Microsoft remains the world's largest software maker and Azure is, apparently, number two in cloud behind AWS. Microsoft has a strong enterprise sales channel focus through which it can push Dynamics 365, making Microsoft a re-energised threat. It will now try to flip enterprise customers as successfully as it flipped those running desktop versions of Office into Office 365 users.

Salesforce has made noises and gestures about ERP, particularly in the mid-market. There's been talk of verticalisation and it partnered with UK accounting software firm Sage in May 2015. But there's been no bold ERP breakout by Salesforce.

Oracle, the largest ERP firm after SAP, has struggled in SaaS. NetSuite gives Ellison's firm a recognisable brand as well as a footprint of customers. Further, it gives Oracle the footprint and brand in that tier-two of customers – those outside those big corporations and outside those corporate HQs.

Arguably, Oracle's absence accounts for its management's maniacal obsession with ERP SaaS provider Workday, a firm making four per cent of what Oracle does in revenue.

Oracle has stooped to conquer in ERP before – PeopleSoft for $10bn in 2004, which also gave it JD Edwards customers. When it comes to soaking up the competition and their customer footprint, Oracle has form.

But NetSuite is different: Oracle isn't just taking out the rivals, it's buying a growing firm in a segment of business on a new platform where Oracle is weak. It's also buying a firm that was beginning to challenge Oracle more – remember that quarter-on-quarter growth, unlike Oracle.

Moreover, Oracle can still take NetSuite without too much pain: NetSuite's growth means it has reached a critical mass in revenue and in non-GAAP profit. Right now, Oracle can buy NetSuite and swallow the financial side before the price became too big or Oracle would have had to dilute its stock.

Paul Hamerman, Forrester vice president and principal analyst, told The pReg: "Oracle is going to leverage the NetSuite brand and success NetSuite has had. They [Oracle] ... see NetSuite as a real entry path into the mid-market, because Oracle has been very focused on large tents in their apps portfolio."
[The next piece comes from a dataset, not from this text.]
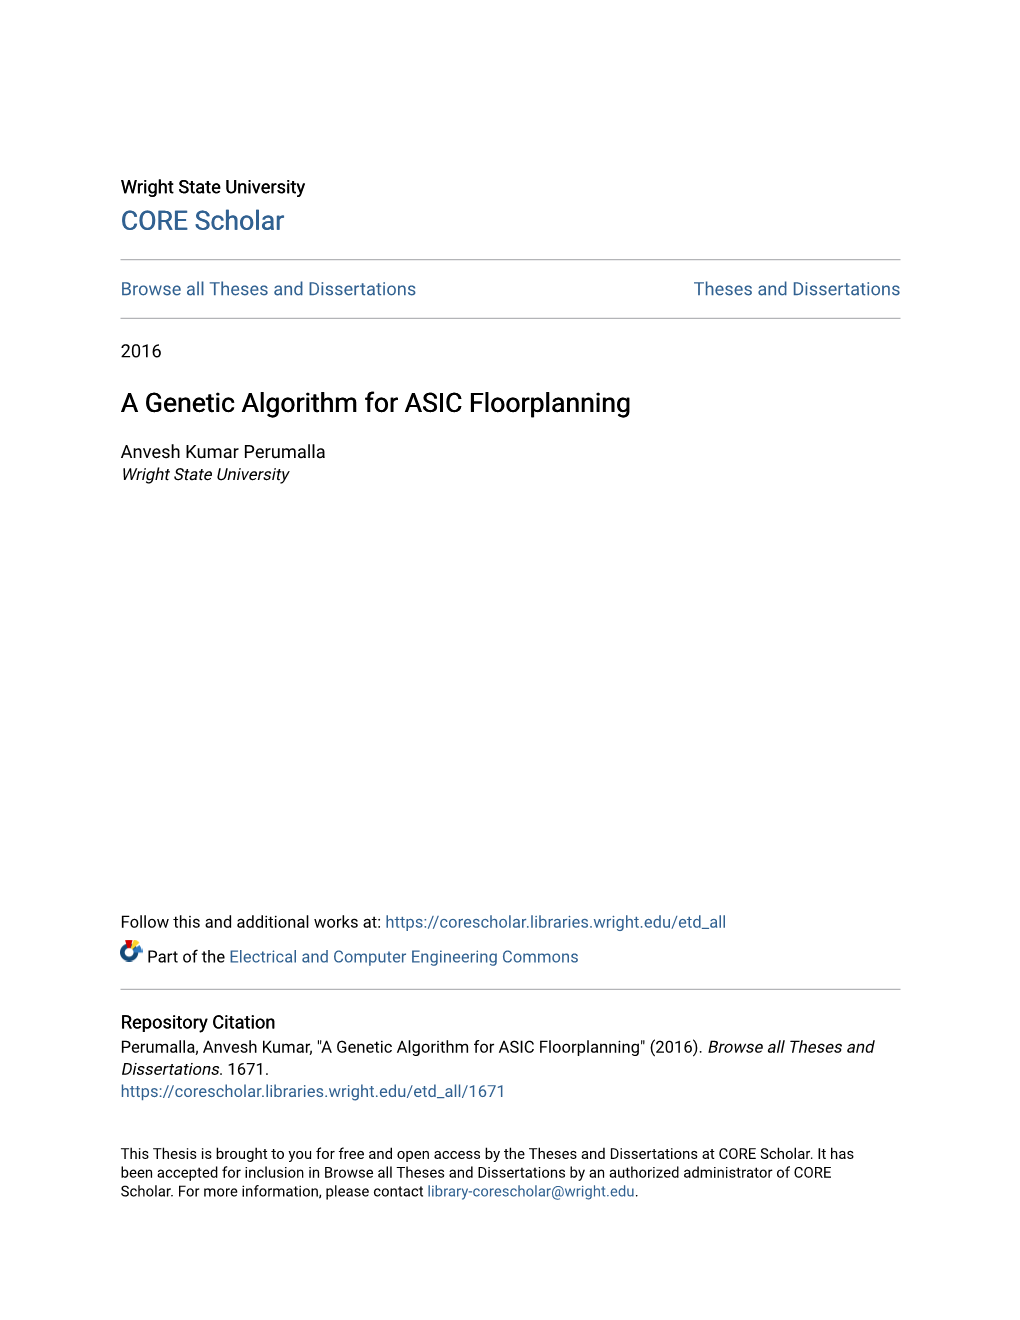 A Genetic Algorithm for ASIC Floorplanning

ERP is a complicated and nuanced market – and cloud ERP takes more than simply being available as a service. The mid-market is doubly more nuanced.

NetSuite had made a number of acquisitions to increase its appeal – buying iQuity in March for advanced manufacturing and adding features in warehousing and distribution. But it has a way to go and it's nowhere near as rich as Oracle's ERP. Here, Oracle has the engineering resources and the sector knowledge to beef up NetSuite.

Hamerman reckons NetSuite had "some way to go" on analytics and usability. "Oracle can help them," he said.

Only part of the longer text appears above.